### ACTIVITY
Look through the entries. Copy each line that has the word "your".

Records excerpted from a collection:

•••

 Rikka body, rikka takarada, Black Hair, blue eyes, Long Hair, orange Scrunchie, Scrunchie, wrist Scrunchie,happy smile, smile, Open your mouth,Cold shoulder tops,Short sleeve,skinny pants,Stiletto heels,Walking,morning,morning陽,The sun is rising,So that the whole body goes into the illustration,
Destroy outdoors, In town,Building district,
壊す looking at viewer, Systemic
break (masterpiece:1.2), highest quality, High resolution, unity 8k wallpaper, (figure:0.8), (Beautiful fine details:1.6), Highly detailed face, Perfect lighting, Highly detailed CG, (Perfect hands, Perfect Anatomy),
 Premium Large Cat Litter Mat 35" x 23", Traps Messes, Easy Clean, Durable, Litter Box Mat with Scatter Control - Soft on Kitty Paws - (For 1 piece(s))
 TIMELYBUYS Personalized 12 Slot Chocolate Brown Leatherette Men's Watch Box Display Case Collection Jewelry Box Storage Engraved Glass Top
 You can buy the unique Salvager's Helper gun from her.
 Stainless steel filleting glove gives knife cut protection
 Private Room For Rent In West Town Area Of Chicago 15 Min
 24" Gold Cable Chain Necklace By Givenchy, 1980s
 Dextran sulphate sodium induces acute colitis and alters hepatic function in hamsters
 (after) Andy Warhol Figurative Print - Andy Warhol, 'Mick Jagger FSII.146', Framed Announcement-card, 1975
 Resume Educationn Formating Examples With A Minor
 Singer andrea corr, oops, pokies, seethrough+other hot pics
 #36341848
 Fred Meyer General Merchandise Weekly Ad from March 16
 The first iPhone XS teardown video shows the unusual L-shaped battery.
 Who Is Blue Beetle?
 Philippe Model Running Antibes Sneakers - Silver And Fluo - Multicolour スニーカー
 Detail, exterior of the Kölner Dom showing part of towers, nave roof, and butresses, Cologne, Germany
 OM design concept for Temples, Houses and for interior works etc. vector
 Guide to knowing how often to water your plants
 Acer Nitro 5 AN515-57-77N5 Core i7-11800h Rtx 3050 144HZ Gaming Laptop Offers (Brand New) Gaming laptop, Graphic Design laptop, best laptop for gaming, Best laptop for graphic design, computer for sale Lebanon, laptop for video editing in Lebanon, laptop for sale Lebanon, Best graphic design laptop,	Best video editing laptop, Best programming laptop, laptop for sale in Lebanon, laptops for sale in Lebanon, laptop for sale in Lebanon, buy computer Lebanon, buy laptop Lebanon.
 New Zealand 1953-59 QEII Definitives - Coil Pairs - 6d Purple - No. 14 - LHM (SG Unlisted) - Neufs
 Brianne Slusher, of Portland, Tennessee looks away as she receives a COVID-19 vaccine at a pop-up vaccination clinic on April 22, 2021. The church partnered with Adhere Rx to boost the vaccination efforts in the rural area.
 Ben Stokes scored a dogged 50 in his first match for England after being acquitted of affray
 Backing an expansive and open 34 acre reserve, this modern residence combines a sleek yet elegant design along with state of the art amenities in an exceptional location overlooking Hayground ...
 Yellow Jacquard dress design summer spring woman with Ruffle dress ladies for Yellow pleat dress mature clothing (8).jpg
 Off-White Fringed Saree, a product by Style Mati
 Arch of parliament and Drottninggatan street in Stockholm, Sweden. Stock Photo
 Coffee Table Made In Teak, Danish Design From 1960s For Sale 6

•••

### ANSWER AREA
 Rikka body, rikka takarada, Black Hair, blue eyes, Long Hair, orange Scrunchie, Scrunchie, wrist Scrunchie,happy smile, smile, Open your mouth,Cold shoulder tops,Short sleeve,skinny pants,Stiletto heels,Walking,morning,morning陽,The sun is rising,So that the whole body goes into the illustration,
 Guide to knowing how often to water your plants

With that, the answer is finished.